Considering the 90-day investment horizon Dominos Pizza Common is expected to under-perform the Golden Entertainment. But the stock apears to be less risky and, when comparing its historical volatility, Dominos Pizza Common is 1.68 times less risky than Golden Entertainment. The stock trades about -0.02 of its potential returns per unit of risk. The Golden Entertainment is currently generating about 0.06 of returns per unit of risk over similar time horizon. If you would invest  2,566  in Golden Entertainment on May 5, 2025 and sell it today you would earn a total of  195.00  from holding Golden Entertainment or generate 7.6% return on investment over 90 days.
Time Period3 Months [change]
DirectionMoves Against 
StrengthInsignificant
Accuracy100.0%
ValuesDaily Returns

Dominos Pizza Common  vs.  Golden Entertainment

 Performance 
       Timeline  
Dominos Pizza Common 

Risk-Adjusted Performance

Very Weak

 
Weak
 
Strong
Over the last 90 days Dominos Pizza Common has generated negative risk-adjusted returns adding no value to investors with long positions. In spite of fairly strong basic indicators, Dominos Pizza is not utilizing all of its potentials.
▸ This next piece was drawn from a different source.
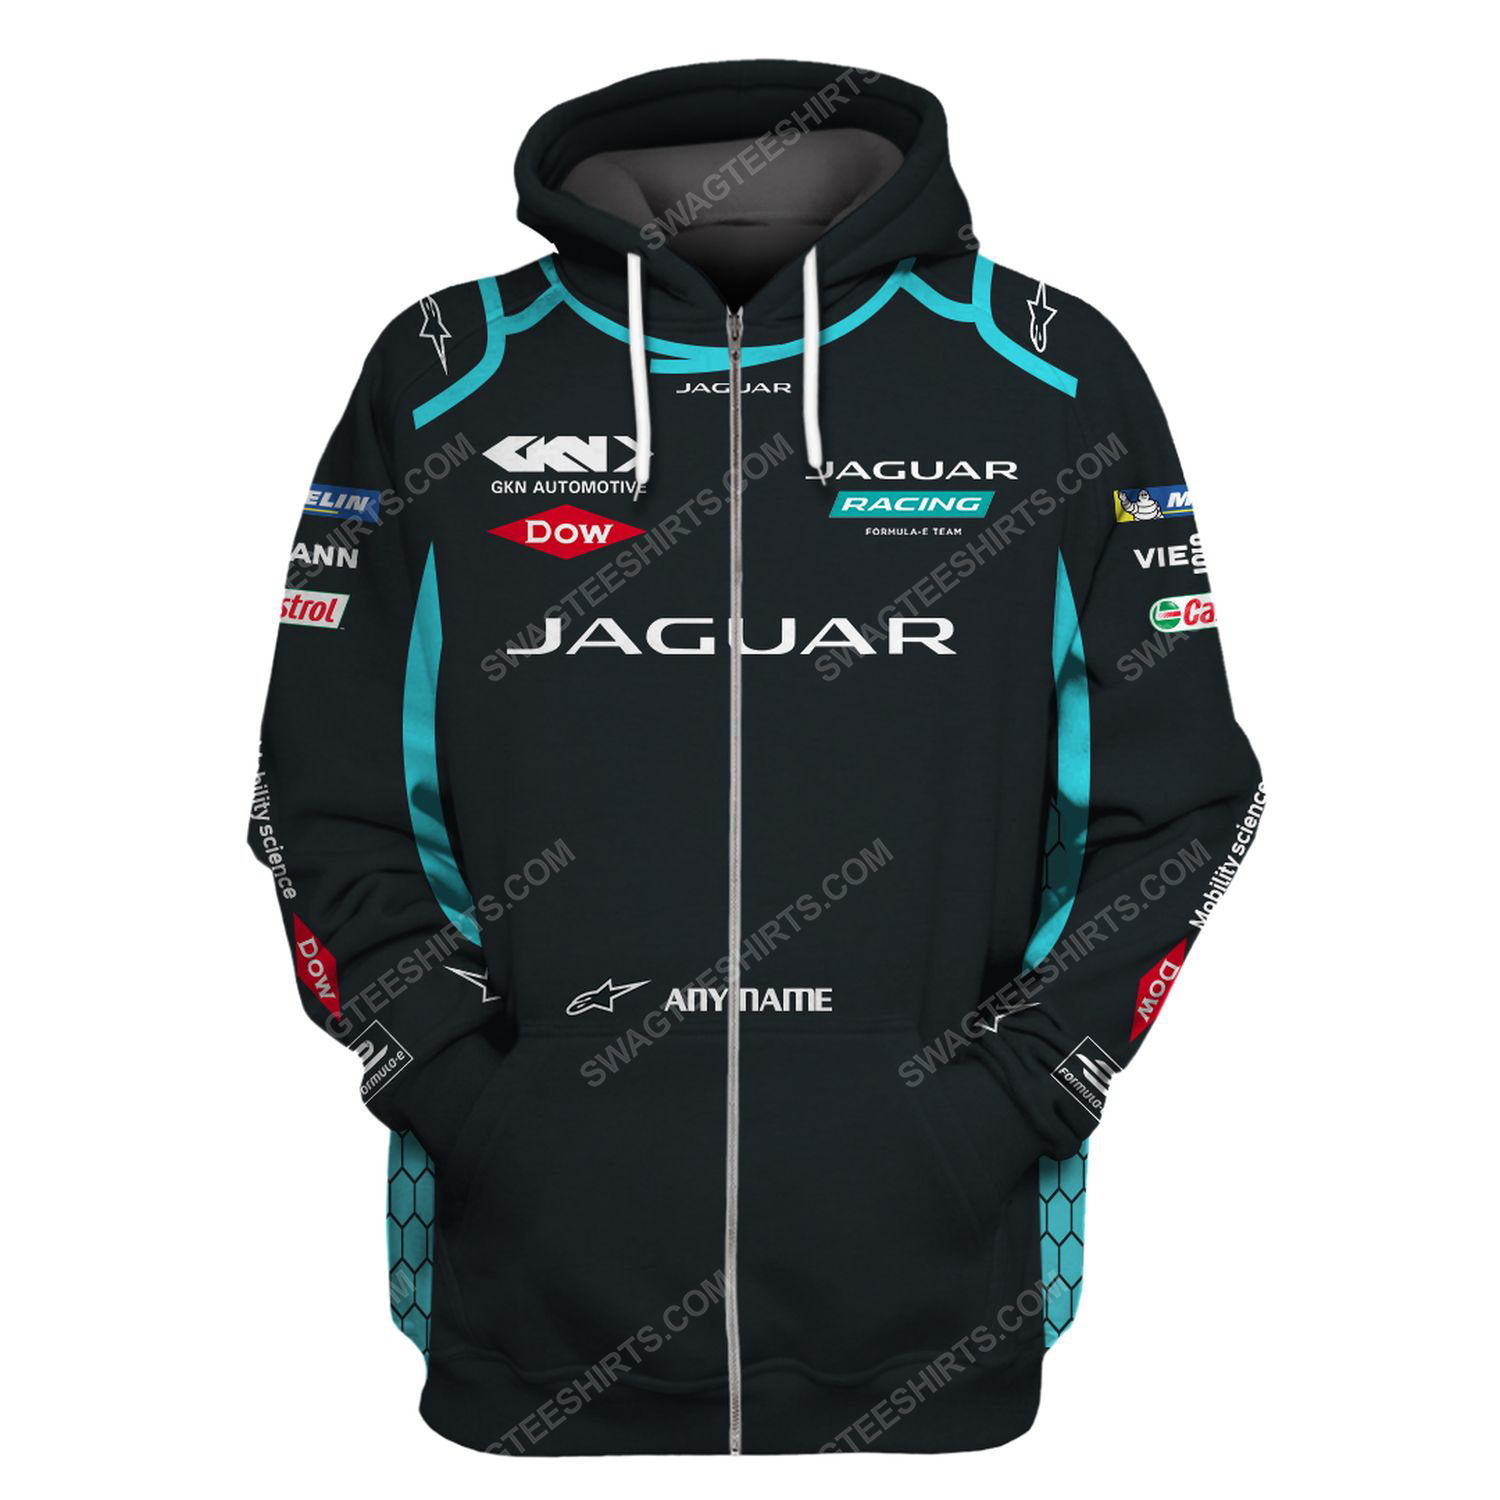 Custom jaguar racing team motorsport full printing zip hoodie

The current stock price disturbance, may contribute to short-term losses for the investors.
Golden Entertainment 

Risk-Adjusted Performance

Insignificant

 
Weak
 
Strong
Compared to the overall equity markets, risk-adjusted returns on investments in Golden Entertainment are ranked lower than 4 (%) of all global equities and portfolios over the last 90 days. In spite of very weak technical and fundamental indicators, Golden Entertainment may actually be approaching a critical reversion point that can send shares even higher in September 2025.
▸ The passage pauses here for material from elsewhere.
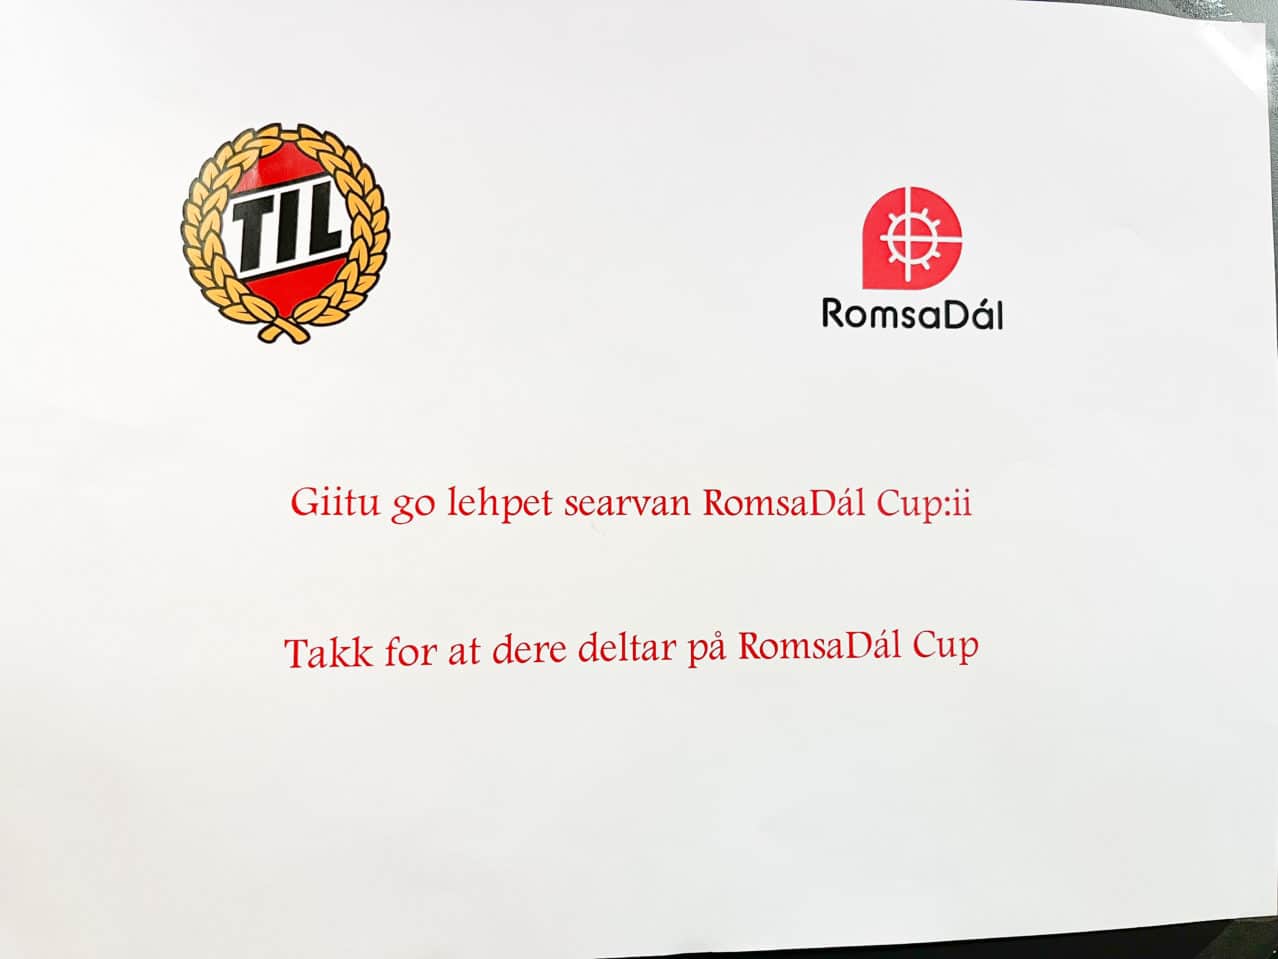 TIL logo og RomsaDál logo med tekst under

Dominos Pizza and Golden Entertainment Volatility Contrast

   Predicted Return Density   
       Returns  

Pair Trading with Dominos Pizza and Golden Entertainment

The main advantage of trading using opposite Dominos Pizza and Golden Entertainment positions is that it hedges away some unsystematic risk. Because of two separate transactions, even if Dominos Pizza position performs unexpectedly, Golden Entertainment can make up some of the losses. Pair trading also minimizes risk from directional movements in the market. For example, if an entire industry or sector drops because of unexpected headlines, the short position in Golden Entertainment will offset losses from the drop in Golden Entertainment's long position.
The idea behind Dominos Pizza Common and Golden Entertainment pairs trading is to make the combined position market-neutral, meaning the overall market's direction will not affect its win or loss (or potential downside or upside). This can be achieved by designing a pairs trade with two highly correlated stocks or equities that operate in a similar space or sector, making it possible to obtain profits through simple and relatively low-risk investment.
Check out your portfolio center.
Note that this page's information should be used as a complementary analysis to find the right mix of equity instruments to add to your existing portfolios or create a brand new portfolio. You can also try the Commodity Channel module to use Commodity Channel Index to analyze current equity momentum.